Why time zone math is harder than it looks
Cross-zone scheduling looks like a tiny problem until you actually try to do it well. Daylight saving transitions don't line up — the US shifts on a different weekend than Europe, and most of Asia doesn't shift at all. Half-hour and 45-minute zones (India, Nepal, parts of Australia) trip up almost every mental shortcut. And the moment you have more than three people, the search space for "a time that works for everyone" grows fast.
Doing it in your head leads to the classic mistake: you confidently propose 4 PM your time and discover later that 4 PM in Berlin is 7 AM in San Francisco, which nobody wants. The grid above runs the math for you so you can spot overlap windows visually instead of converting times one by one.
How to read the grid
Each row is one participant.
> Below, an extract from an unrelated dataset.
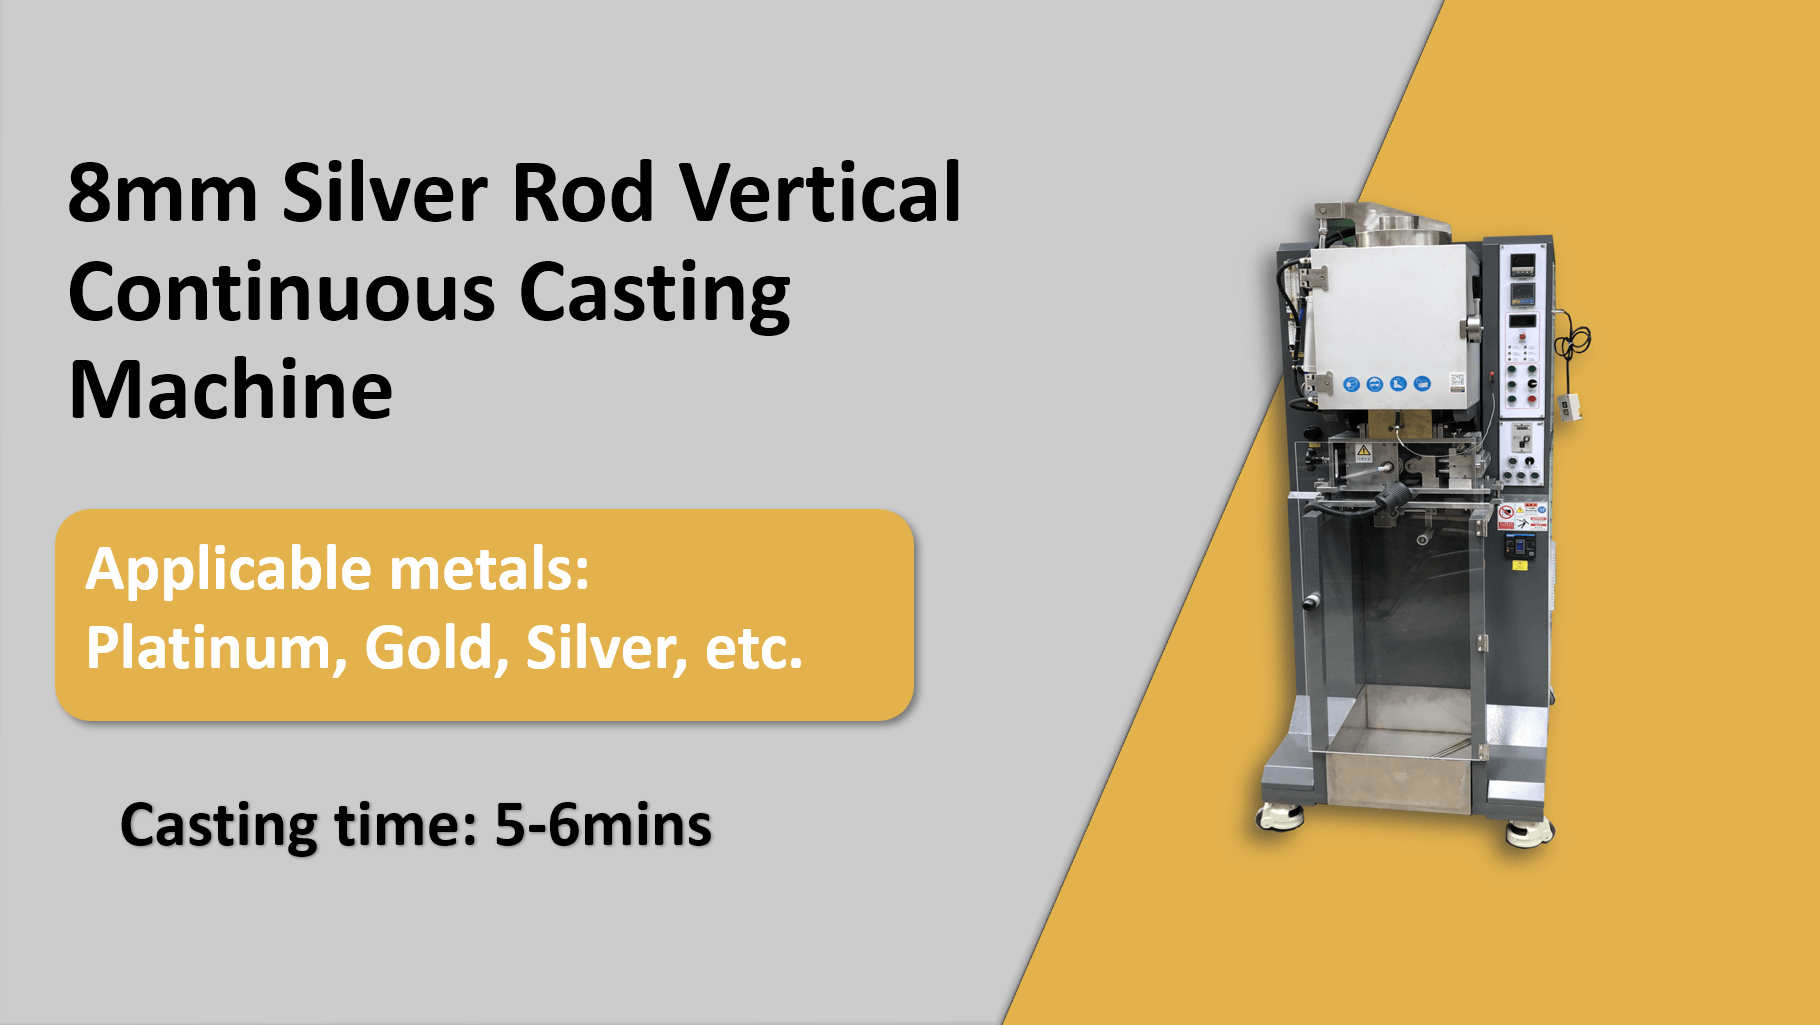 8mm Silver Rod Vertical Continuous Casting Machine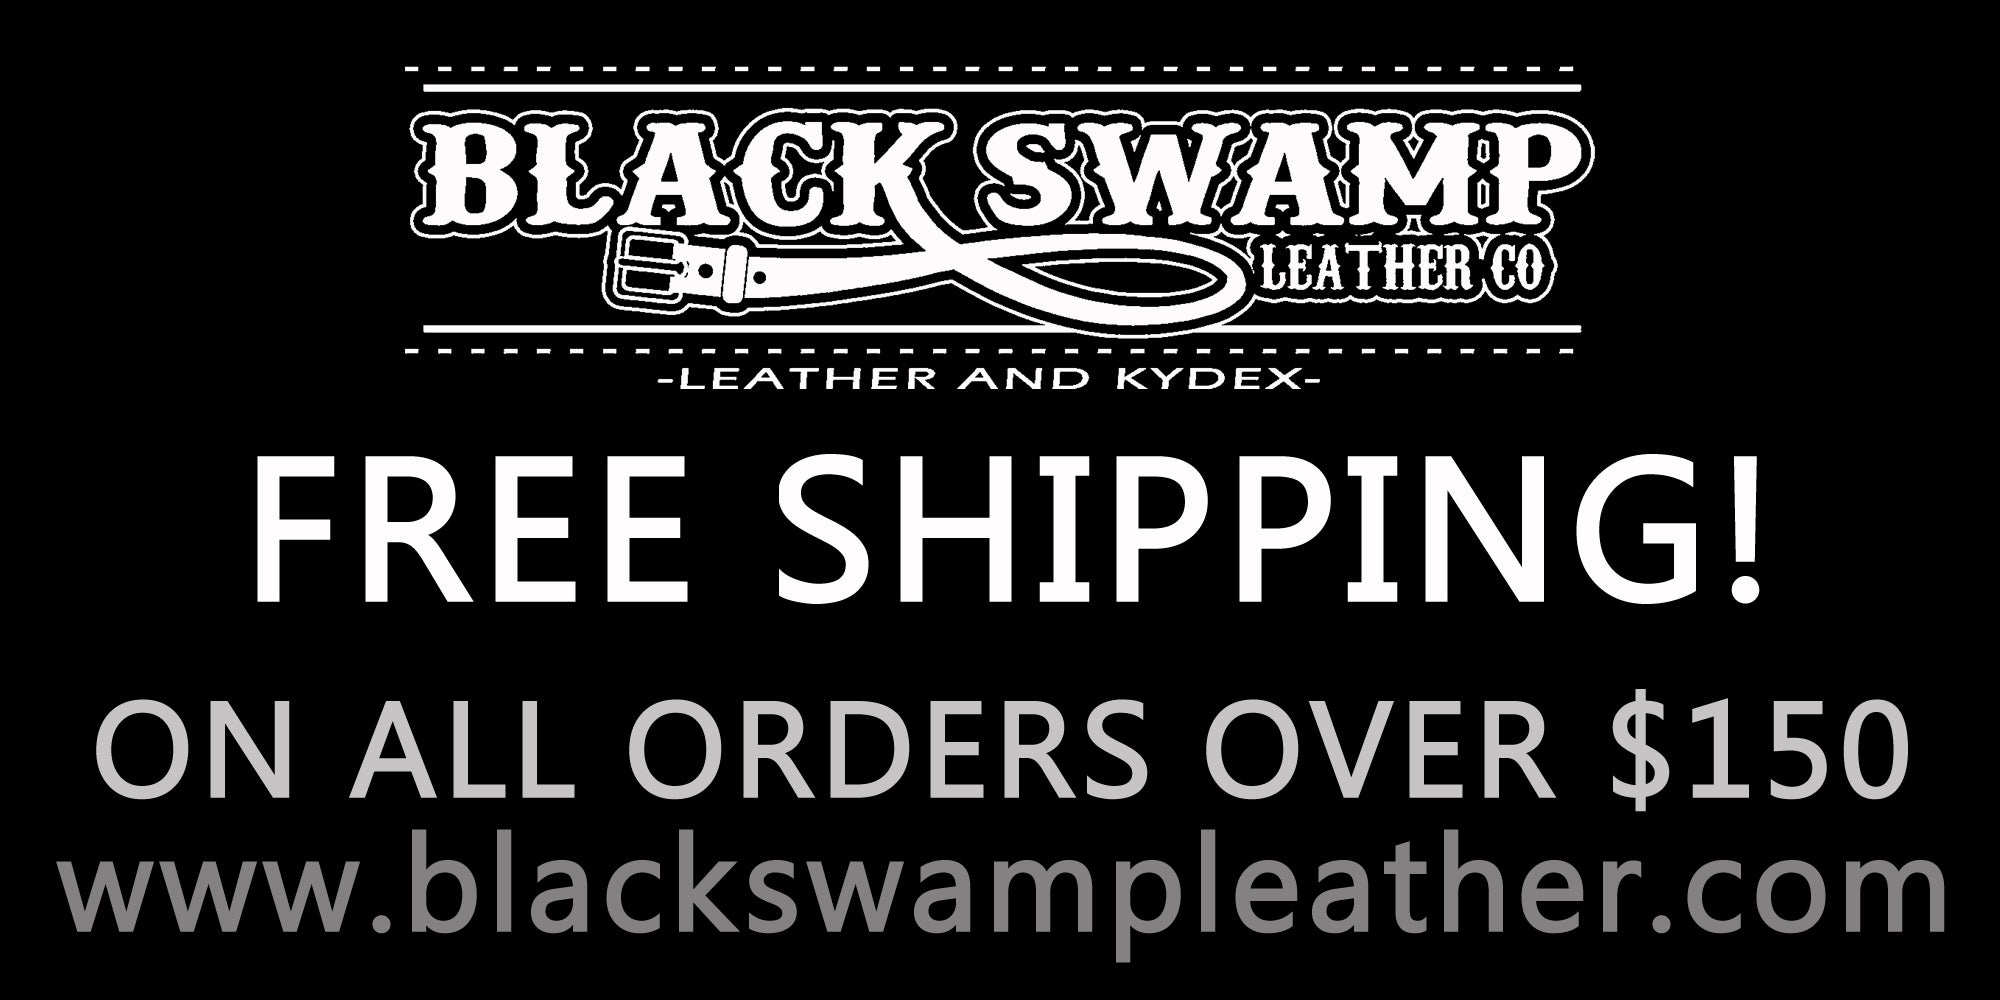 NOW FREE SHIPPING ON ORDERS OVER $150

Each column is one hour of the day, labeled in the first participant's local time (the anchor). The number in each cell is the local time at that hour for that row.
The color tells you whether a meeting at that hour would land in everyone's working hours:
- Green — every participant is in their working hours. This is what you're looking for.
- Yellow — some participants are in working hours, but not all. Sometimes worth it; usually means somebody has an early or late call.
- Gray — nobody (or almost nobody) is at work. Don't schedule here unless you have to.
Tips for global teams
Aim for the edges of the working window
If your golden window is short, schedule at the start or end rather than the middle. Someone in Asia who has the meeting at 8 AM their time can still have a productive day afterward; someone who has it at 1 PM has to break their afternoon in half.
Anchor on the person who has the least flexibility
If one of your participants only has overlap with the rest of the group during their late evening (say, your APAC teammate when the rest of the team is in EMEA), use them as the first row. The grid is easier to scan when the anchor's hours are the ones you're trying to be considerate of.
Plan a few weeks out — and re-check before sending the invite
Daylight saving transitions in March and November can shift your golden window by an hour. If you're scheduling a recurring meeting that crosses one of those dates, re-run the planner with the post-transition date to confirm.
Use the "Copy time" button
Pasting 09:00 NYC · 14:00 London · 22:00 Tokyo into Slack or a calendar invite is faster than writing it out yourself, and it gives every recipient their own local time without ambiguity. No more "is that 9 PM your time or mine?"
When there's no green window, be honest about it
If the planner says "no fully-overlapping working hours," you have a real problem — not a math problem. Either someone takes a call outside working hours, or you switch to async (recorded video, written updates). The planner just makes the constraint visible.